I’m a dating expert and here are 3 things your boyfriend or girlfriend should never tell you
A dating coach has revealed three things you should never say to your boyfriend or girlfriend while in a relationship.
Jacob Lucas is a UK-based coach who has used his real-life methods to ‘help millions of people get the love life they’ve always wanted’.
In addition to working directly with clients, she shares dating content on TikTok with her 750,000 followers. He is also the author of his dating coach guide book.
In a recent video on TikTok, she outlines three things that partners shouldn’t say to each other, saying that if your partner does any of these things, they may not be a good person for the relationship.
According to Jacob, people who use the techniques highlighted in his videos may struggle to express themselves in appropriate ways.

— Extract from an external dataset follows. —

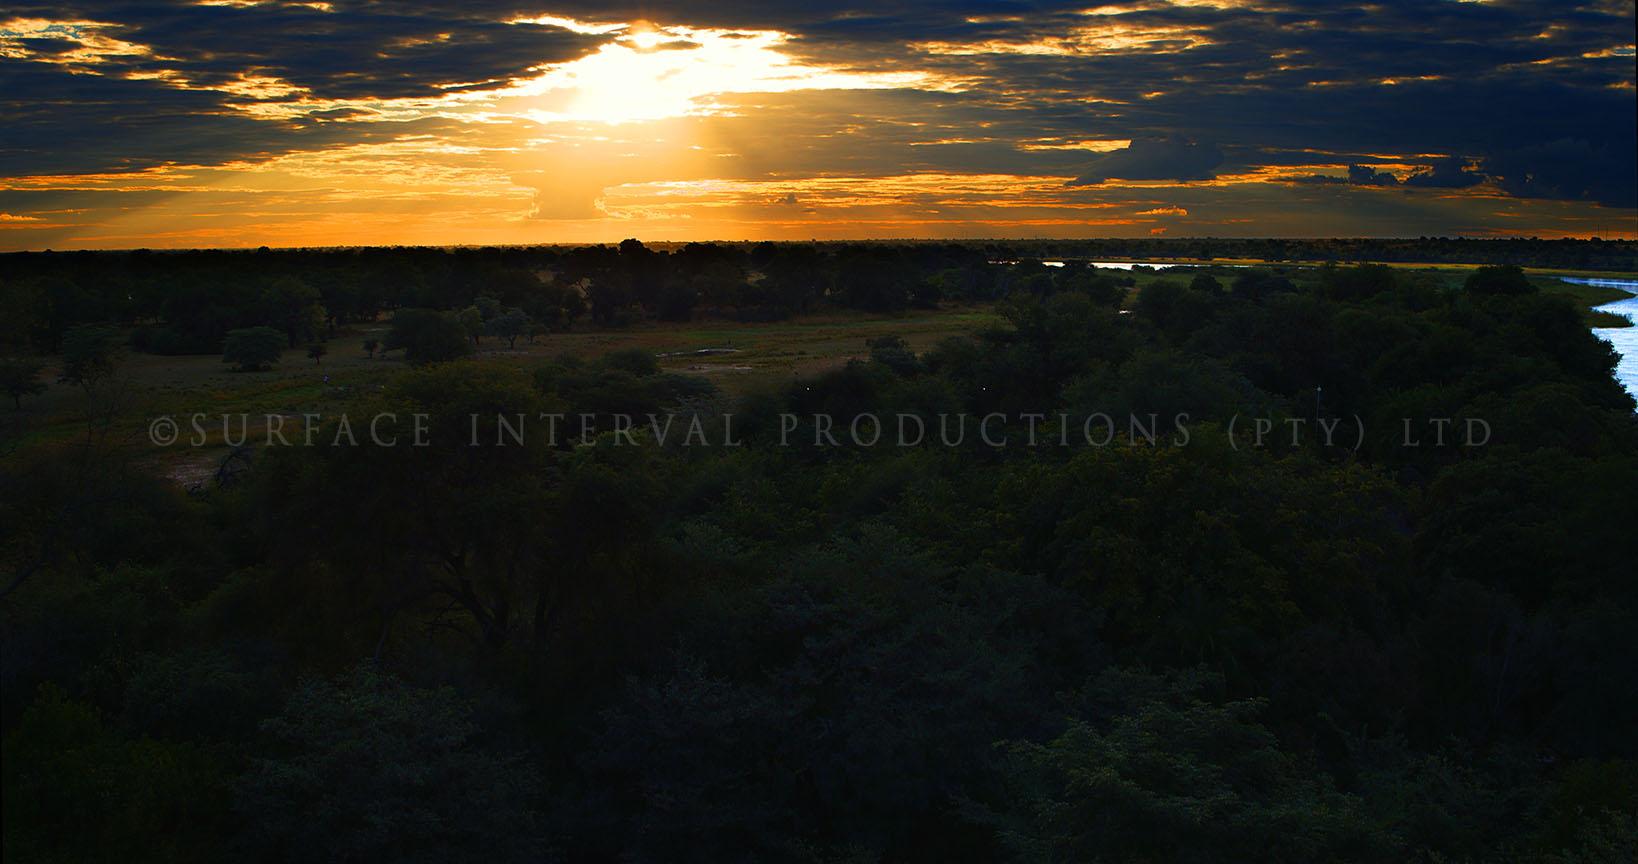 Sunset-rise 11.jpg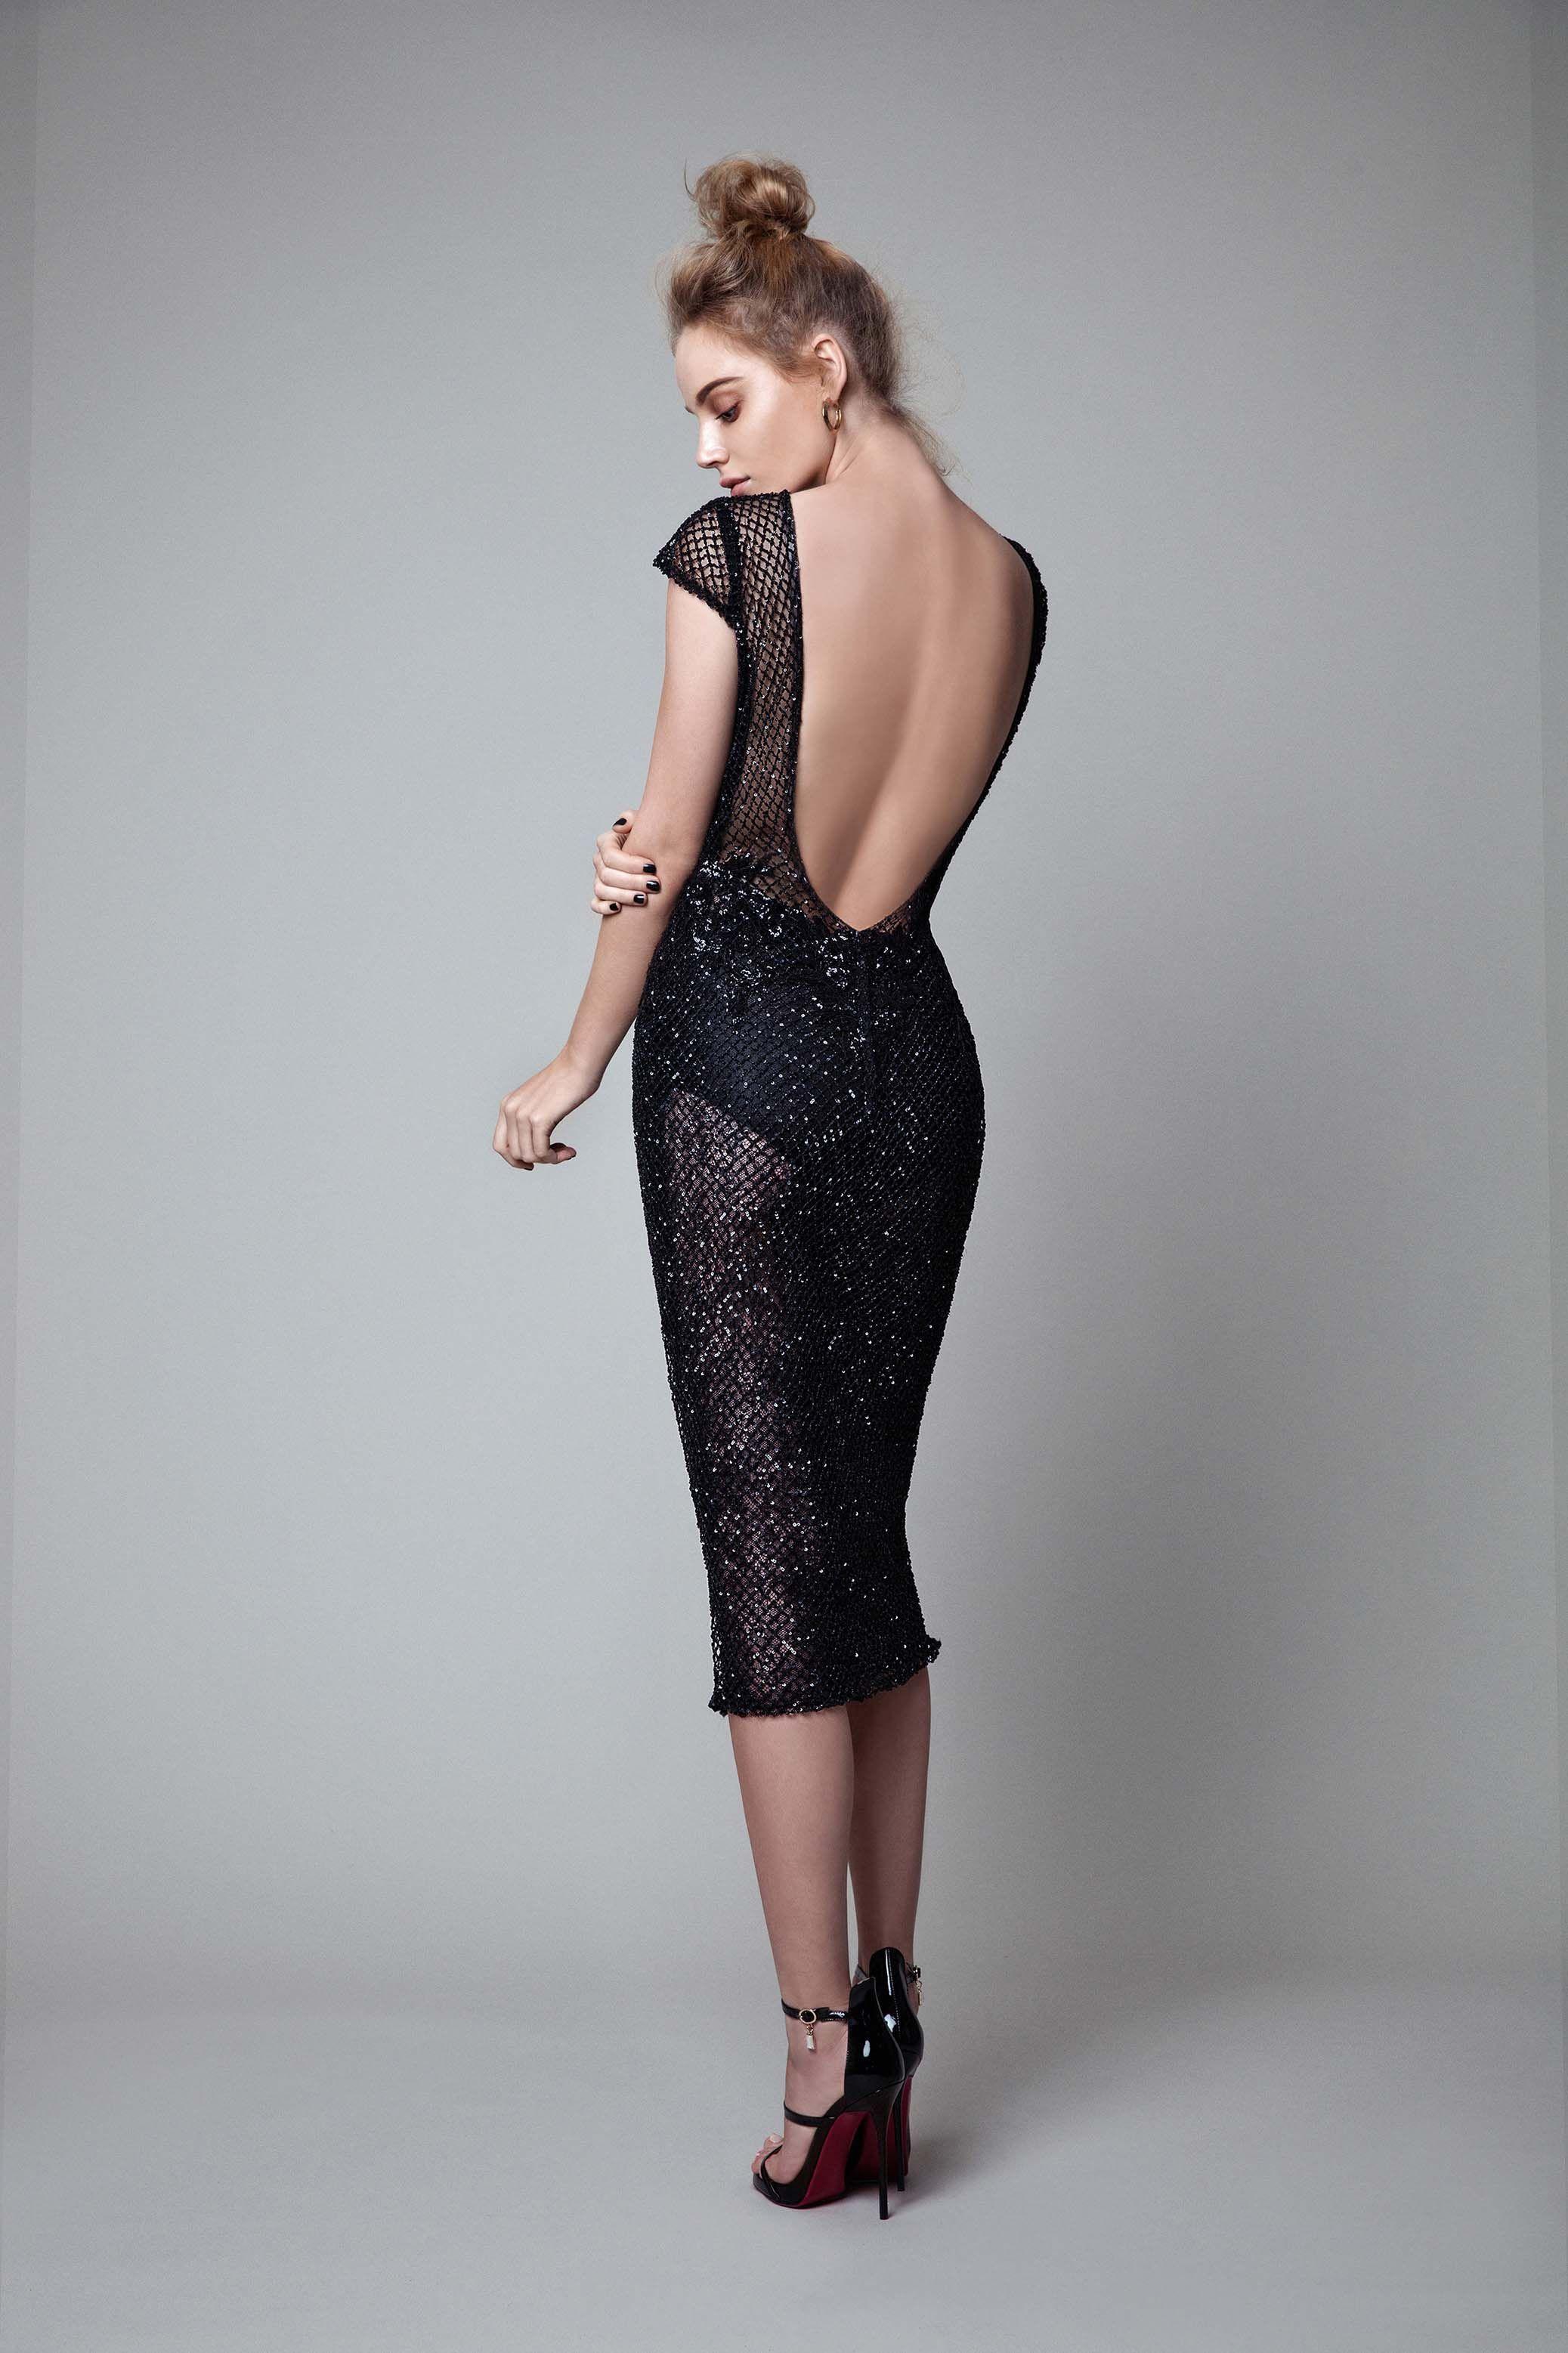 Karen fw berta nami pinterest prom heels gowns

The Dating Coach (pictured) lists three things your boyfriend or girlfriend should never tell you while in a relationship
In the video, she says: ‘I’m a professional dating coach, and here are three things your boyfriend or girlfriend should never say or do when they’re in a relationship with you.
‘And if your partner has done any of these things, you might want to reconsider whether he’s the right person for you, because those are all huge red flags.’
Starting with the first point, he says: ‘Number one, whenever they don’t get their own way with you, they ghost you as punishment.’
He continues, saying that by ghosting you, anyone who does this will want you to chase them, so ‘they feel superior to you and think they’re getting their own way again’.
He added: ‘It also shows me that they don’t know how to pronounce [themselves] in a proper way.
‘So the result is stupid tactics, like ghosting their own boyfriends and girlfriends, and that’s not the kind of person you want to be in a relationship with.’
Moving on to the next point, she said: ‘Number two, whenever you argue with your boyfriend or girlfriend, instead of talking it out calmly, they always say they’re leaving the relationship when they actually have no intention of leaving you.
‘They’re trying to make you worry about leaving, so you pretty much agree with what they’re saying.
Jacob (pictured) says that when they threaten to leave, it’s a toxic way some people engage in arguments.
‘If they want to leave you, whatever, it shouldn’t be seen as a tool to win an argument.
‘This is a really immature, creepy trick that your partner should never do to you.’
His final point is an unpleasant behavior he says partners should never do to each other.
He explained: ‘Number three… is a horrible thing to do in a relationship.
‘And that will always cause an argument. It’s when they start comparing you negatively to other people – especially their exes.’